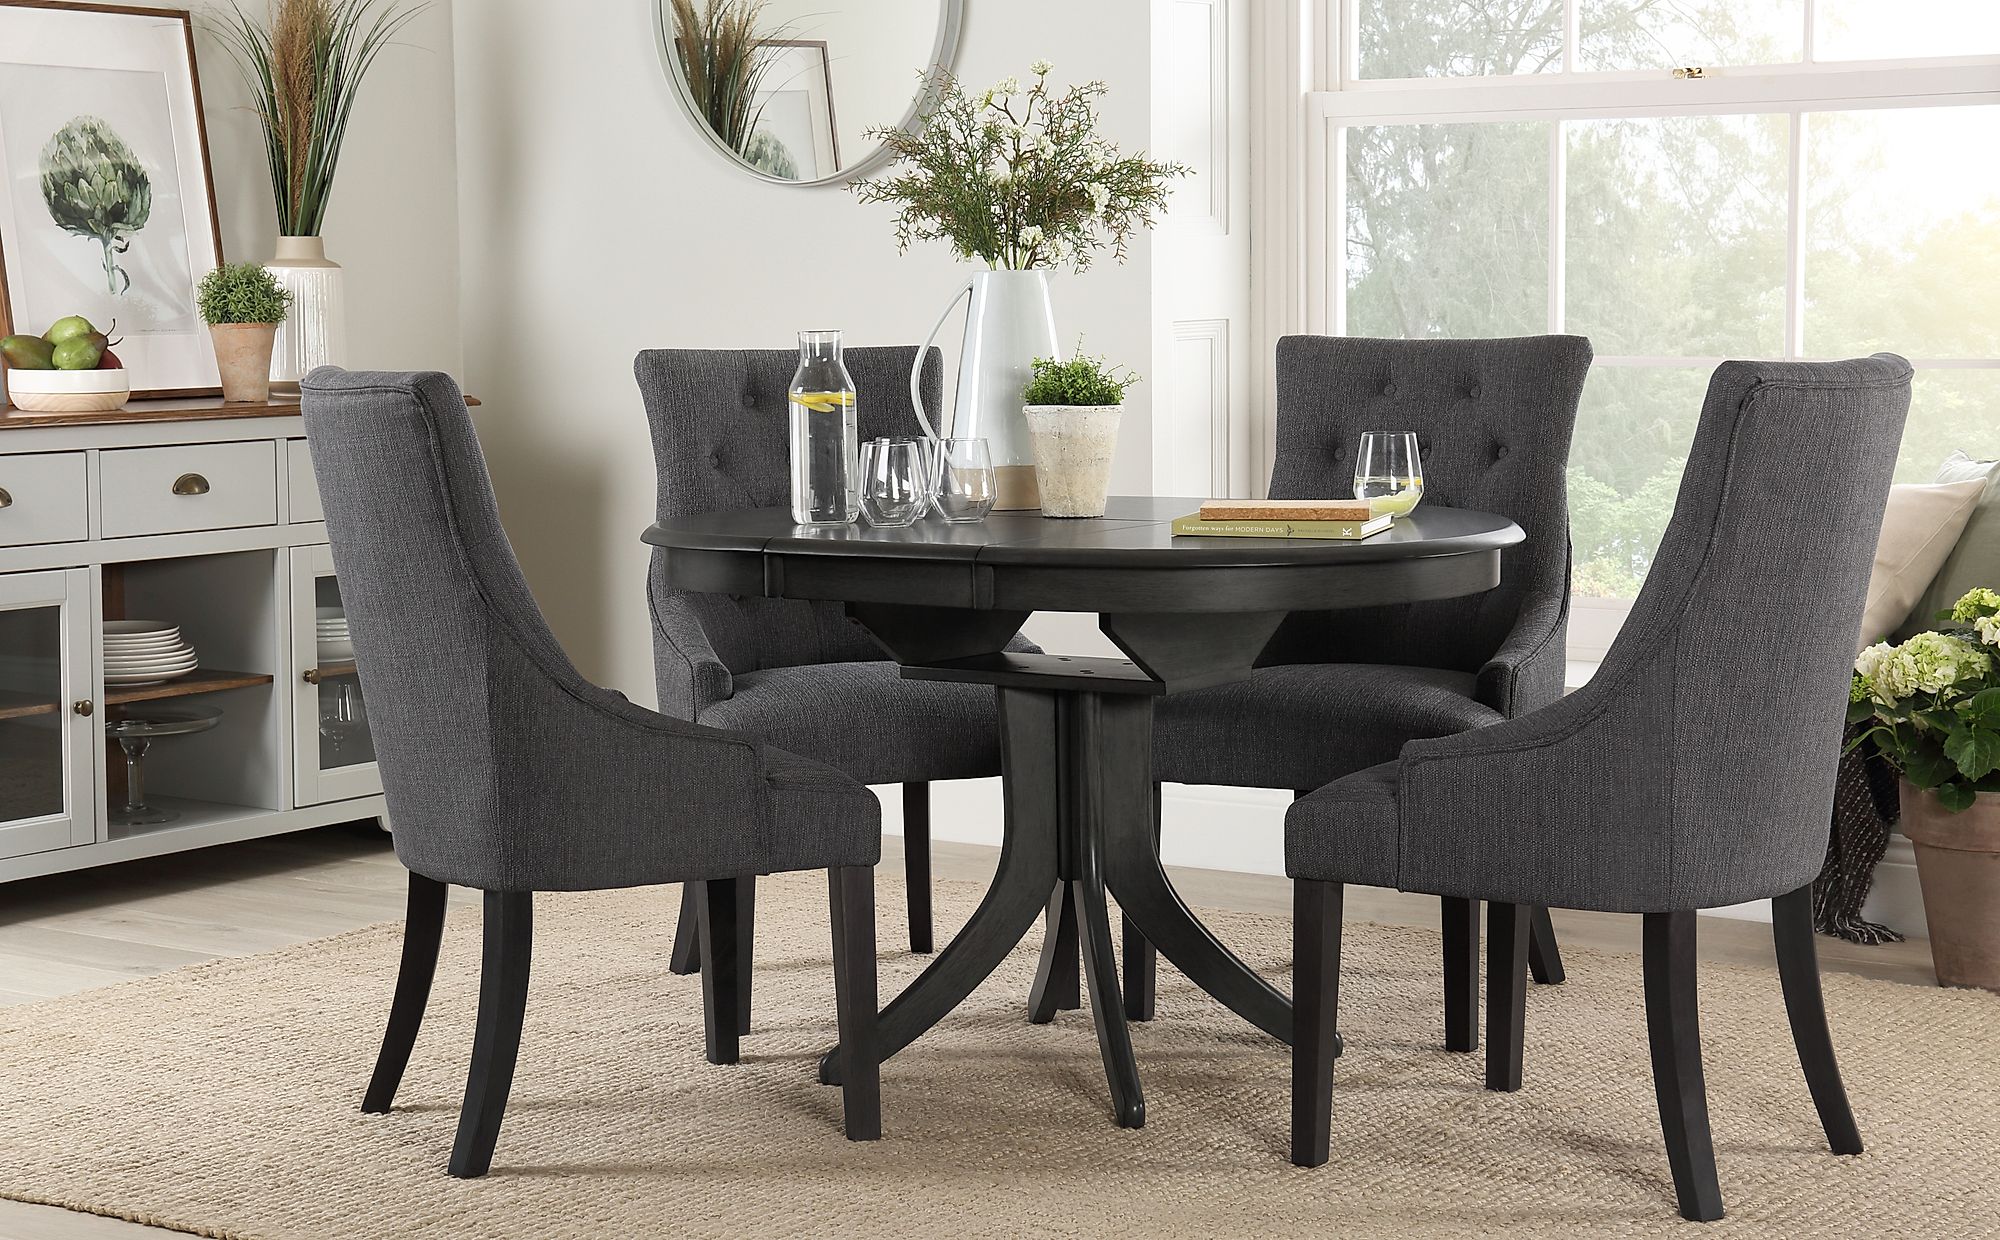 Best Price Extending Dining Room Table
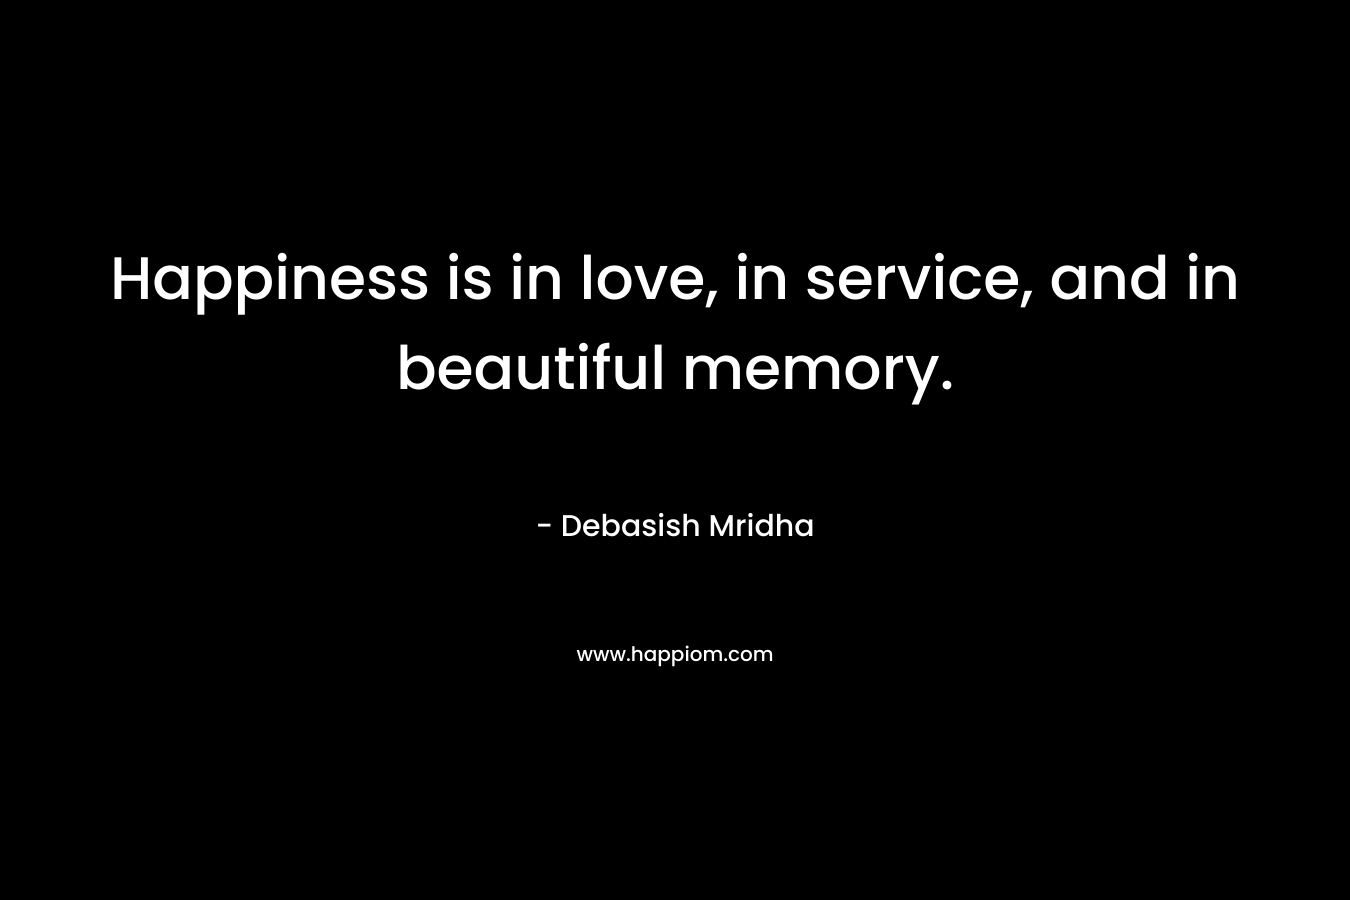 Happiness is in love, in service, and in beautiful memory.
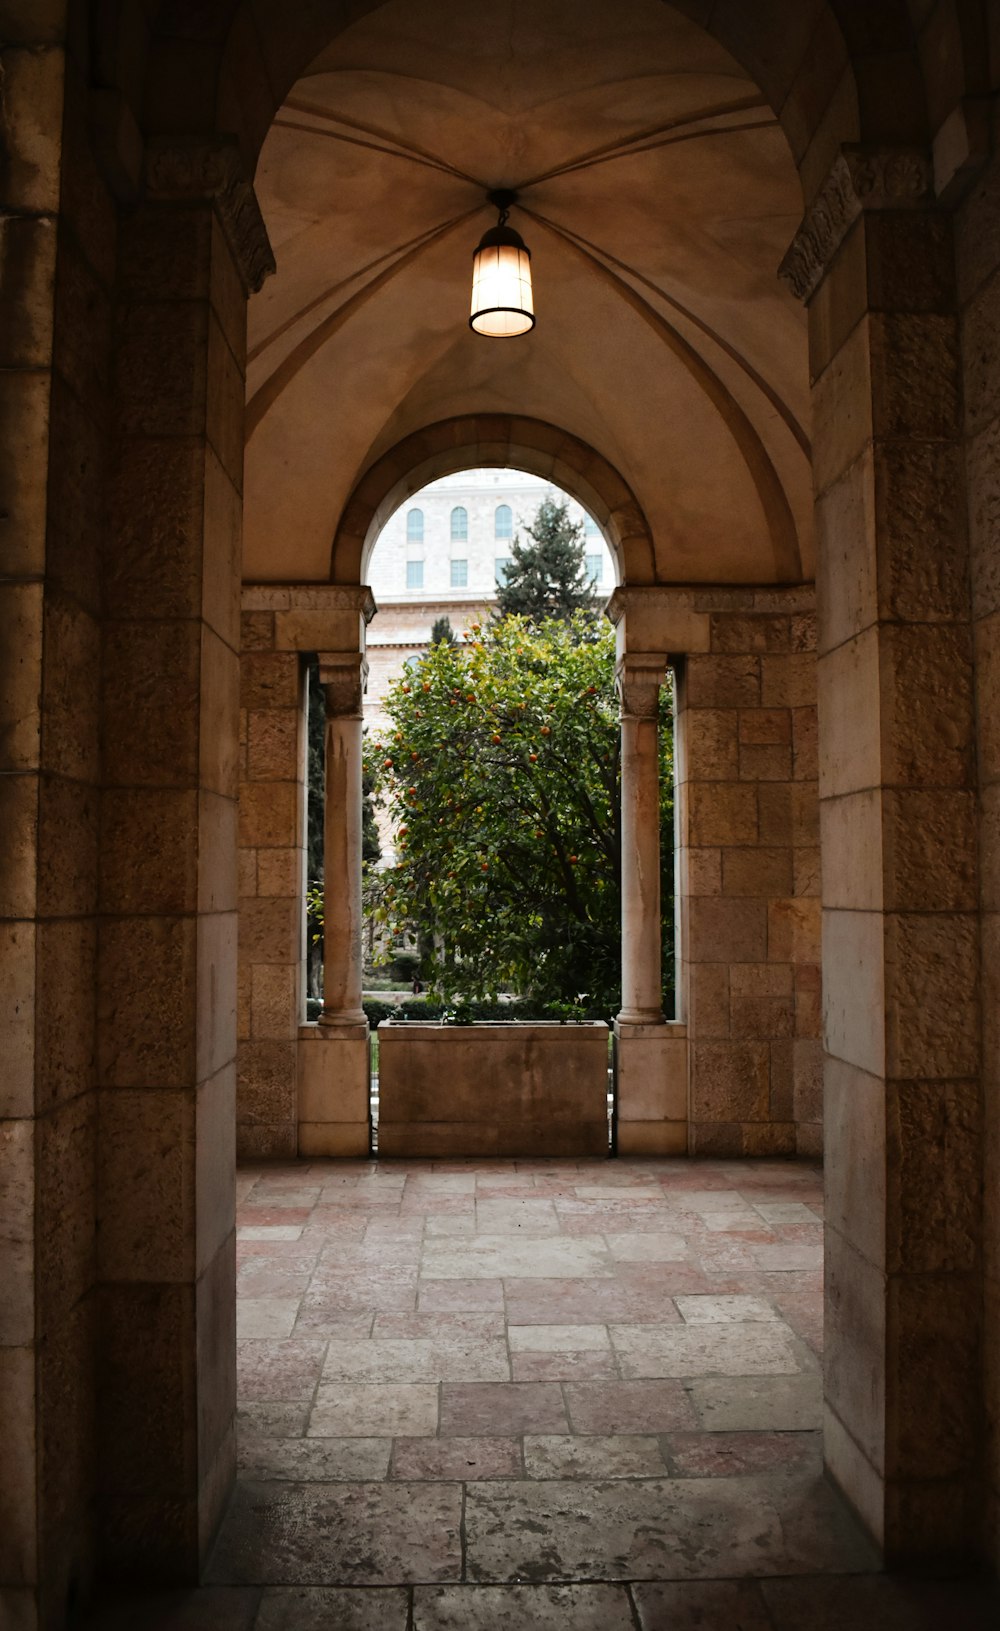 an archway leading into a building with a clock tower in the background
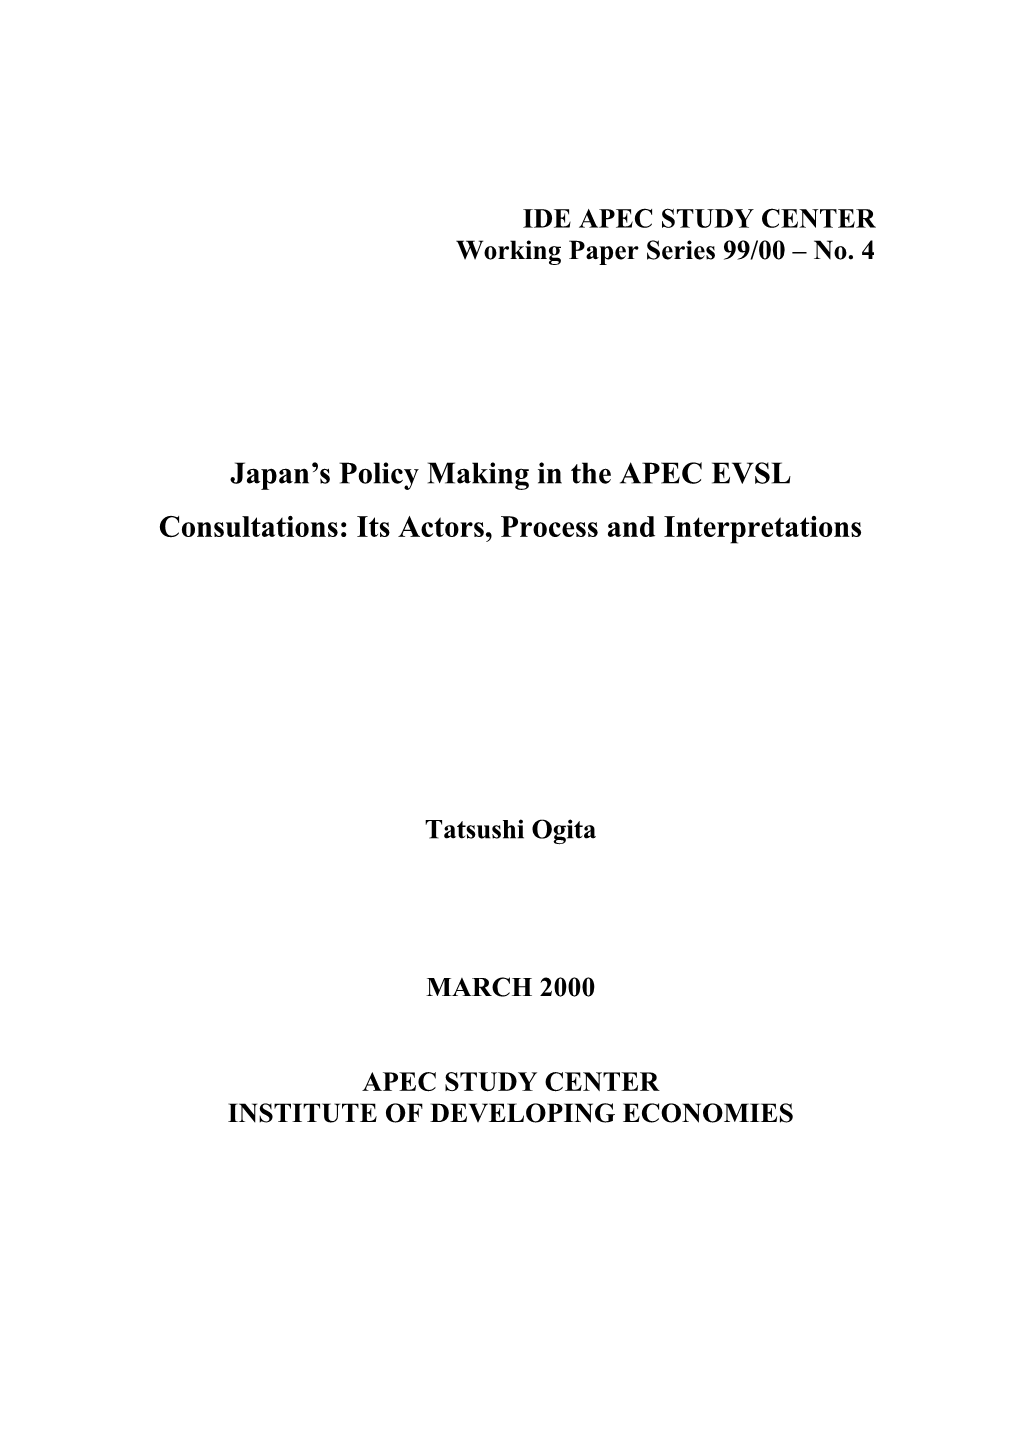 Japan's Policy Making in the APEC EVSL Consultations: Its Actors

============================================================

● **What needs to be done**: The result should be the full material above, word for word, with its pictures omitted.

● **Exercise answer**:
 Best Price Extending Dining Room Table
 Happiness is in love, in service, and in beautiful memory.
 an archway leading into a building with a clock tower in the background
 Japan's Policy Making in the APEC EVSL Consultations: Its Actors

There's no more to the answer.